To help better understand where bias and errors are introduced, only versioned data and code are used as an input: the datasets ([2]), name maps ([3]) and integration software ([6]) are versioned so that the integration processes can be reproduced if needed. This way, steps take to compile an integrated data record can be traced and the sources of bias and errors can be more easily found.
Contents
--------
README:
this file
citations.csv.gz:
contains data citations in a in a gzipped comma-separated values format.
citations.tsv.gz:
contains data citations in a gzipped tab-separated values format.
datasets.csv.gz:
contains list of indexed datasets in a gzipped comma-separated values format.
datasets.tsv.gz:
contains list of indexed datasets in a gzipped tab-separated values format.
verbatim-interactions.csv.gz
contains species interactions tabulated as pair-wise interaction in a gzipped comma-separated values format. Included taxonomic name are *not* interpreted, but included as documented in their sources.
verbatim-interactions.tsv.gz
contains species interactions tabulated as pair-wise interaction in a gzipped tab-separated values format. Included taxonomic name are *not* interpreted, but included as documented in their sources.
interactions.csv.gz:
contains species interactions tabulated as pair-wise interactions in a gzipped comma-separated values format. Included taxonomic names are interpreted using taxonomic alignment workflows and may be different than those provided by the original sources.
interactions.tsv.gz:
contains species interactions tabulated as pair-wise interactions in a gzipped tab-separated values format. Included taxonomic names are interpreted using taxonomic alignment workflows and may be different than those provided by the original sources.
refuted-interactions.csv.gz:
contains refuted species interactions tabulated as pair-wise interactions in a gzipped comma-separated values format. Included taxonomic names are interpreted using taxonomic alignment workflows and may be different than those provided by the original sources.
refuted-interactions.tsv.gz:
contains refuted species interactions tabulated as pair-wise interactions in a gzipped tab-separated values format.

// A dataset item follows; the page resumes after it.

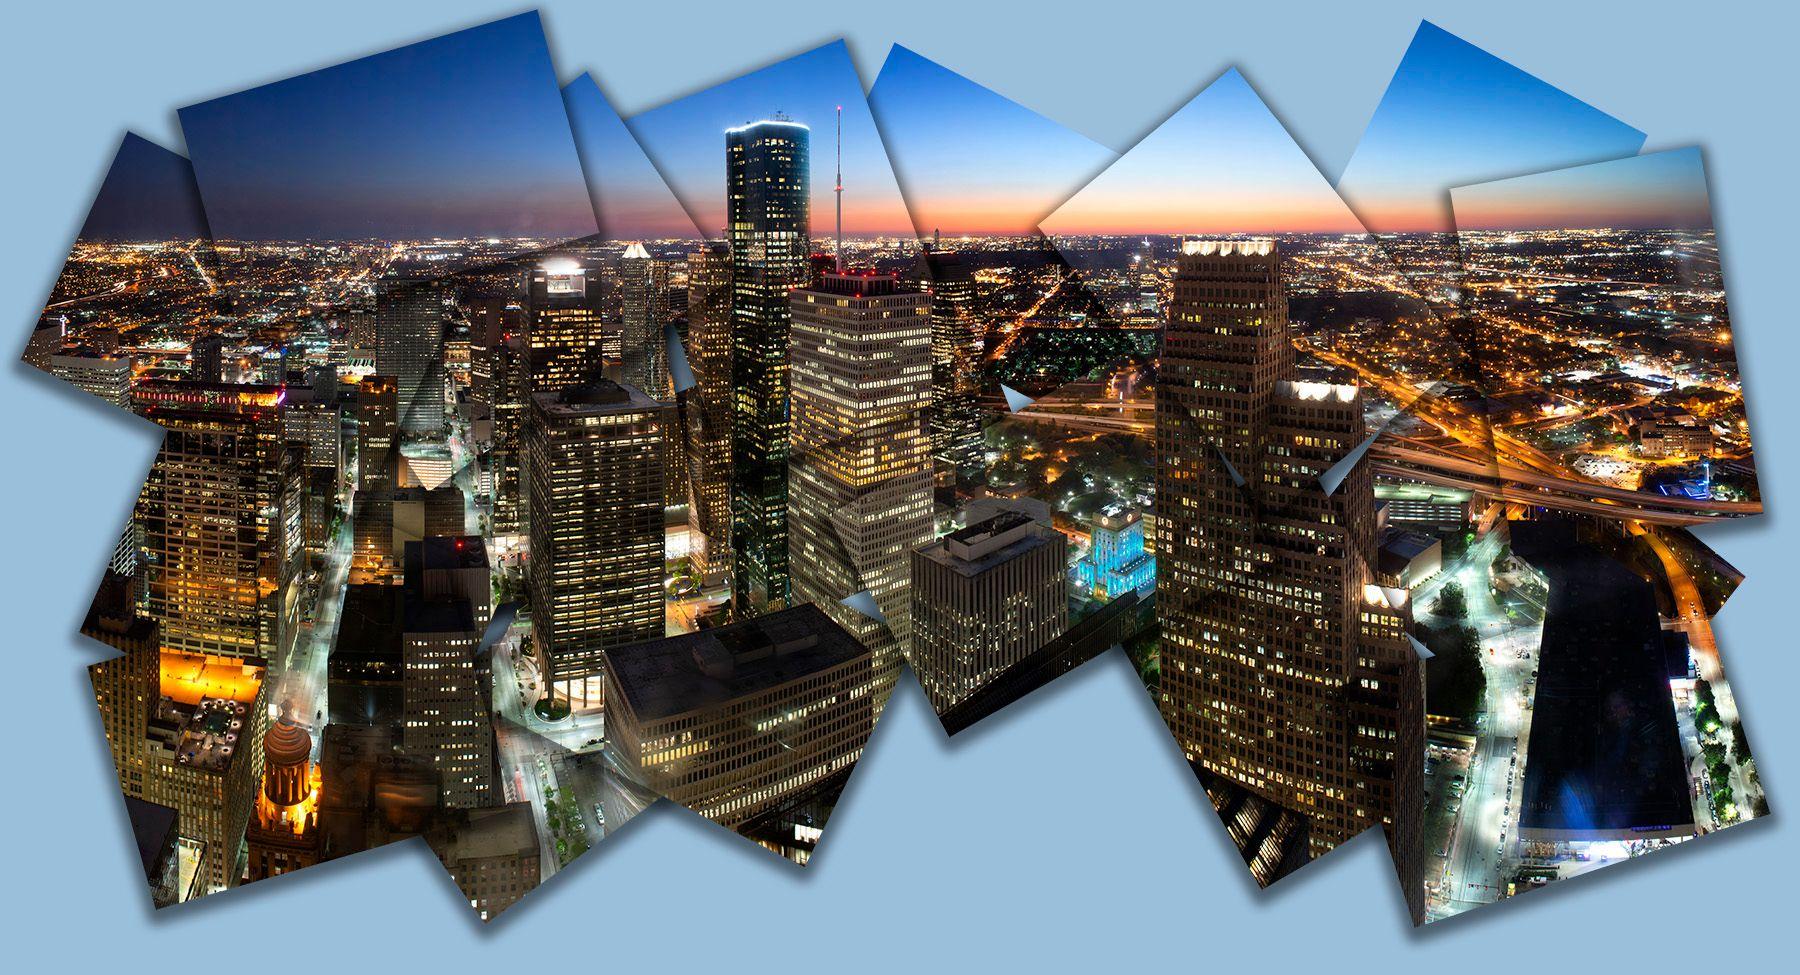 Joe Aker Color Photograph - City Lights - Downtown Houston skyscraper sunset light cityscape collage form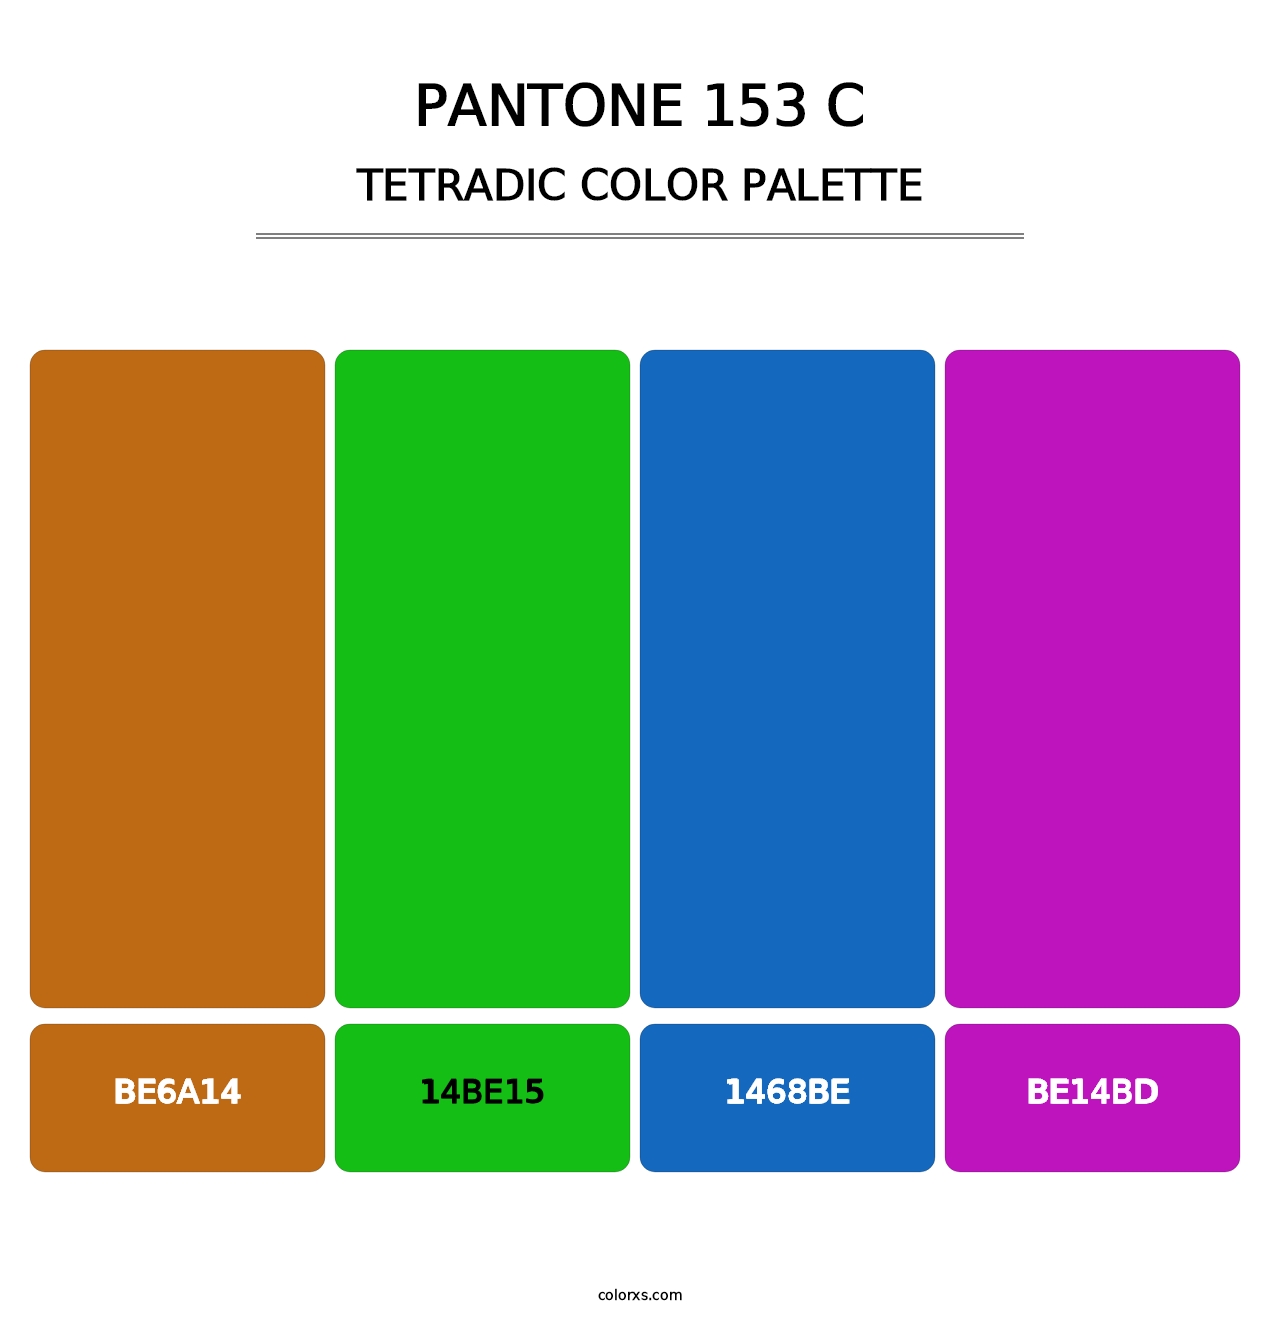 PANTONE 153 C - Tetradic Color Palette

Included taxonomic names are interpreted using taxonomic alignment workflows and may be different than those provided by the original sources.
refuted-verbatim-interactions.csv.gz:
contains refuted species interactions tabulated as pair-wise interactions in a gzipped comma-separated values format. Included taxonomic name are *not* interpreted, but included as documented in their sources.
refuted-verbatim-interactions.tsv.gz:
contains refuted species interactions tabulated as pair-wise interactions in a gzipped tab-separated values format. Included taxonomic name are *not* interpreted, but included as documented in their sources.
interactions.nq.gz:
contains species interactions expressed in the resource description framework in a gzipped rdf/quads format.
dwca-by-study.zip:
contains species interactions data as a Darwin Core Archive aggregated by study using a custom, occurrence level, association extension.
dwca.zip:
contains species interactions data as a Darwin Core Archive using a custom, occurrence level, association extension.
neo4j-graphdb.zip:
contains a neo4j v3.5.x graph database snapshot containing a graph representation of the species interaction data.
taxonCache.tsv.gz:
contains hierarchies and identifiers associated with names from naming schemes in a gzipped tab-separated values format.
taxonMap.tsv.gz:
describes how names in existing datasets were mapped into existing naming schemes in a gzipped tab-separated values format.
References
-----
[1] Jorrit H. Poelen, James D. Simons and Chris J. Mungall. (2014). Global Biotic Interactions: An open infrastructure to share and analyze species-interaction datasets. Ecological Informatics. doi: 10.1016/j.ecoinf.2014.08.005.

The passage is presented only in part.